▶ _Problem_:
What are the lines below, starting at the line containing "Antalya Büyükşehir Belediyesi, Gençlere" and ending at the line containing "70,000 game thủ"? Write them out exactly, ends included, without pictures.

##### Material supplied

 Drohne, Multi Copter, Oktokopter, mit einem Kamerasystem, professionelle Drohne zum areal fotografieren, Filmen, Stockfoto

##########
##### Material supplied

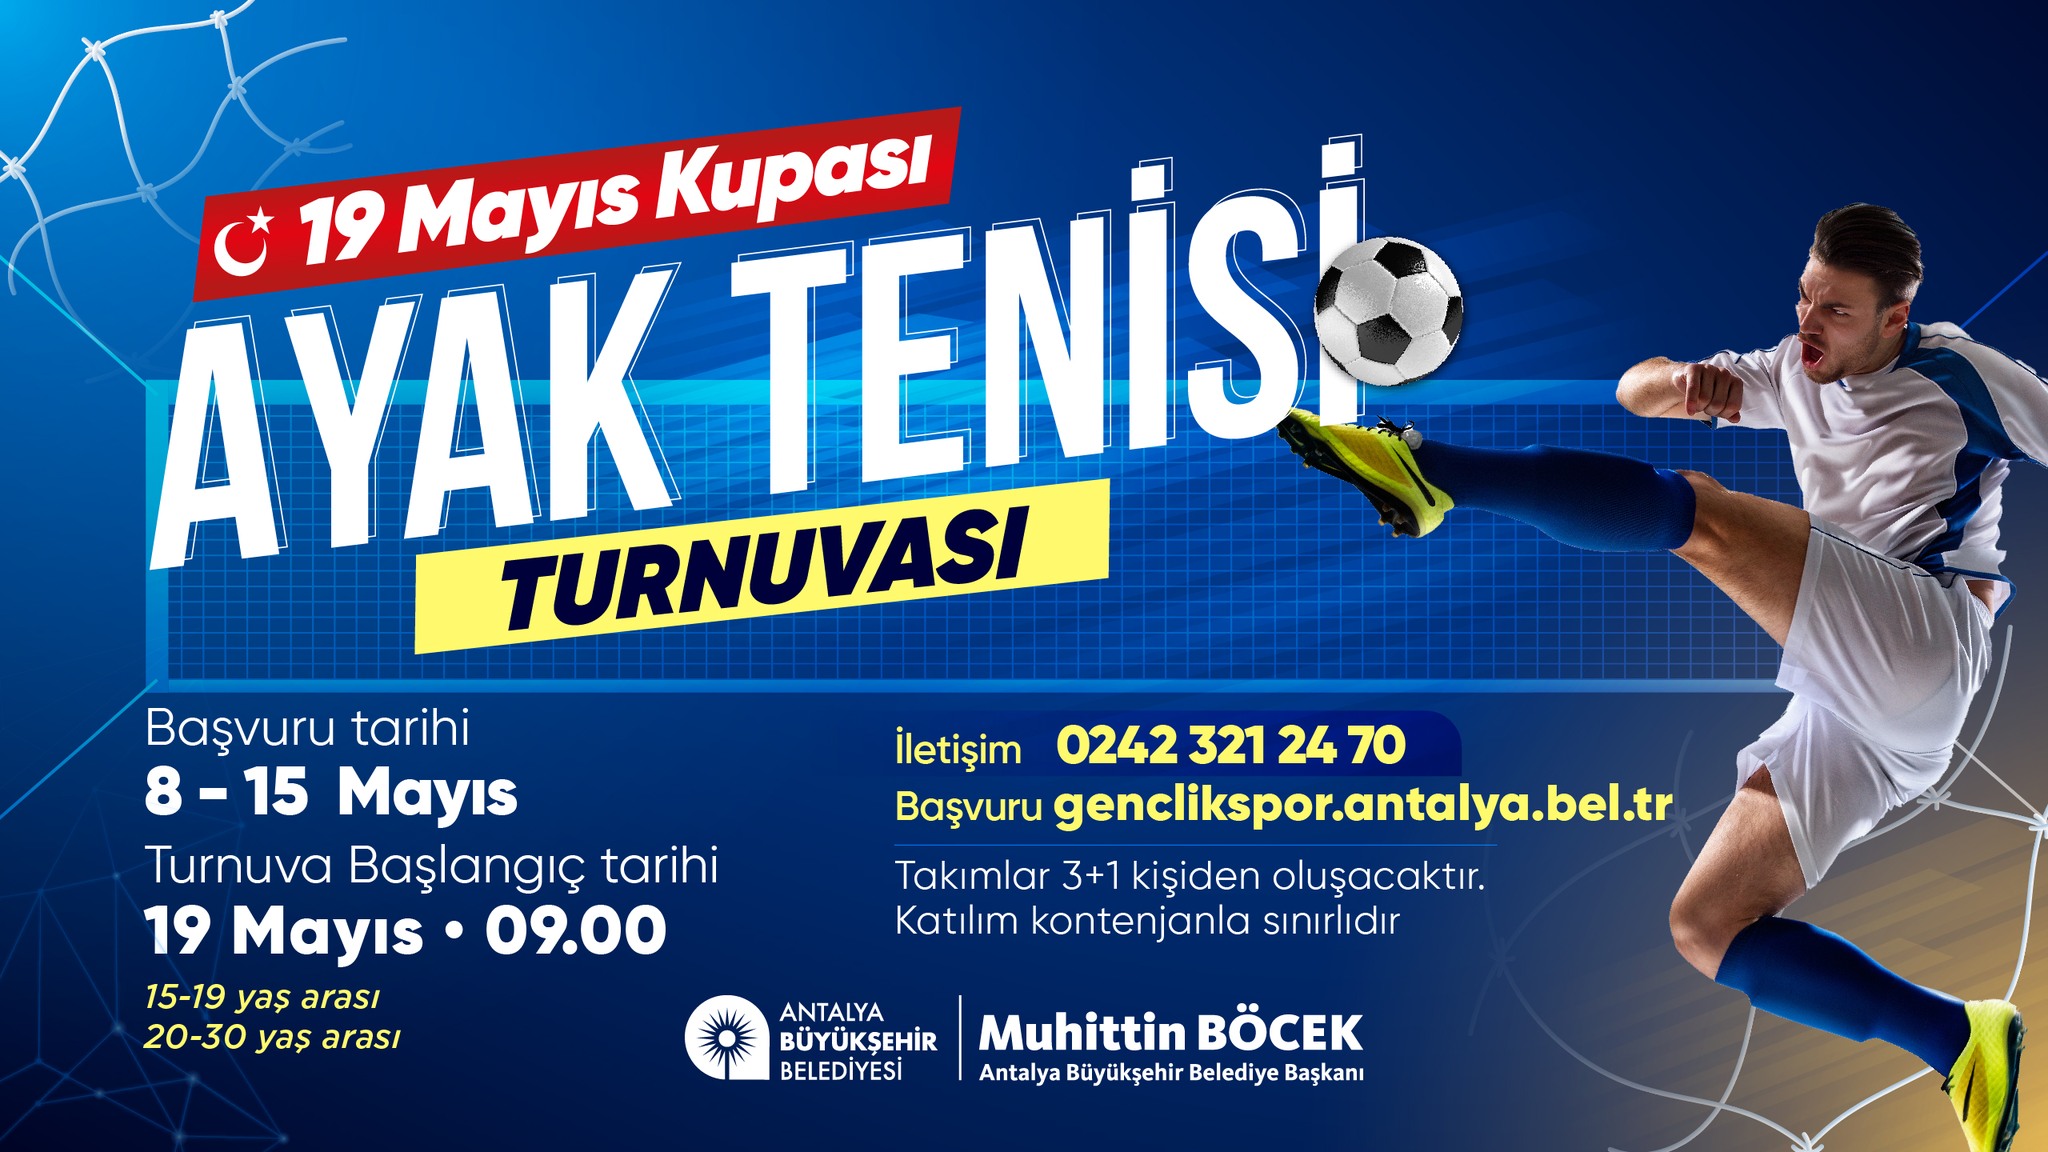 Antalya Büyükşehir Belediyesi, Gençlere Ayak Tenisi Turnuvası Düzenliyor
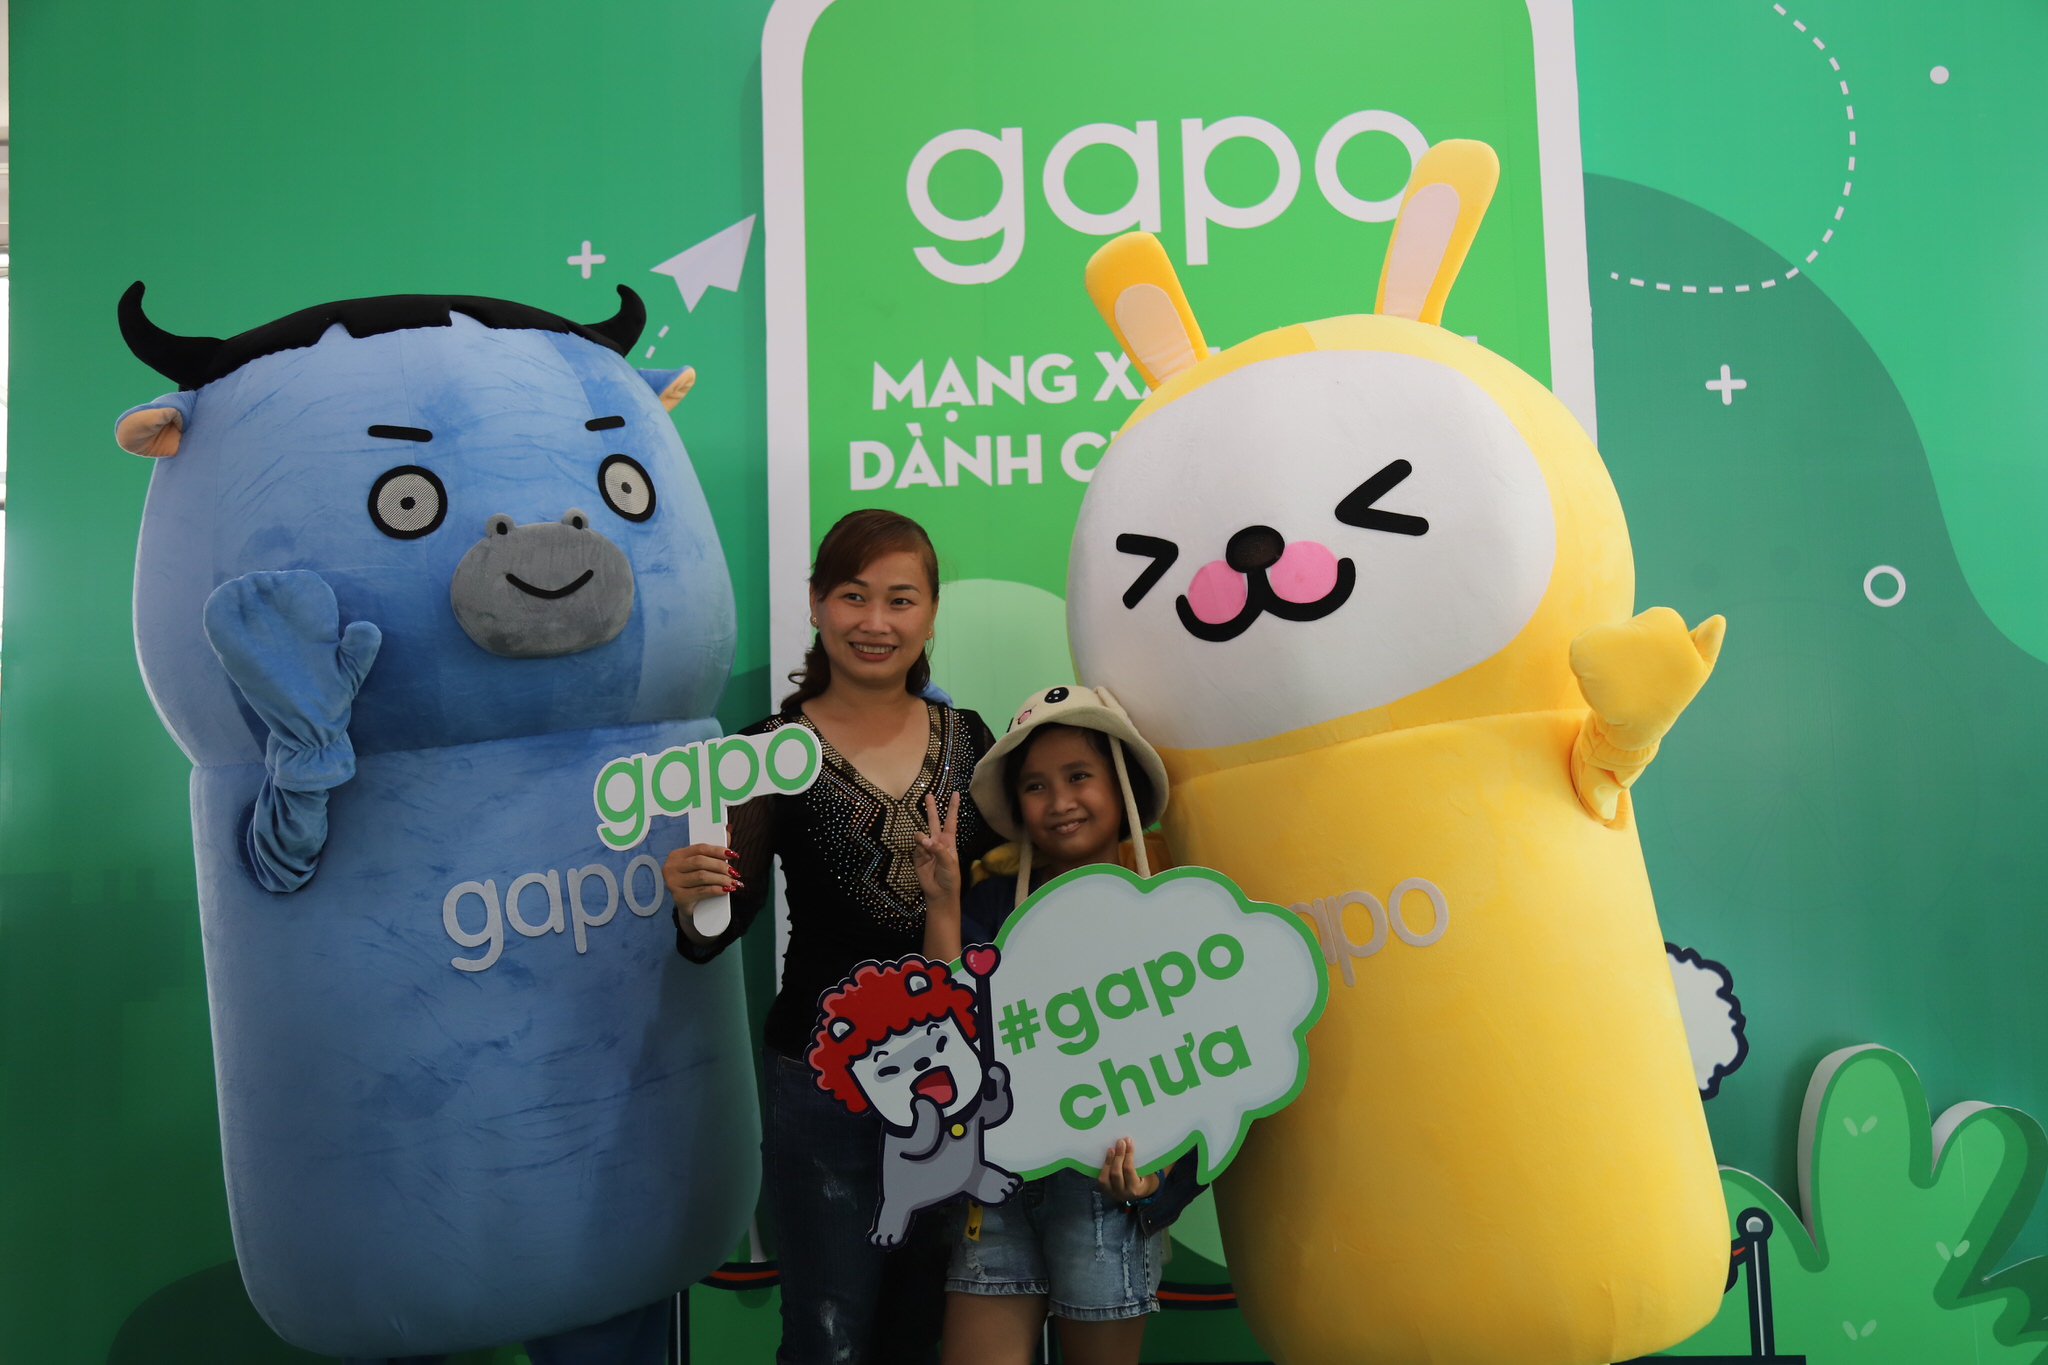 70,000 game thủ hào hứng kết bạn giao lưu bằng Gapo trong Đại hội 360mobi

##########

▶ _Your solution_:
 Antalya Büyükşehir Belediyesi, Gençlere Ayak Tenisi Turnuvası Düzenliyor
 70,000 game thủ hào hứng kết bạn giao lưu bằng Gapo trong Đại hội 360mobi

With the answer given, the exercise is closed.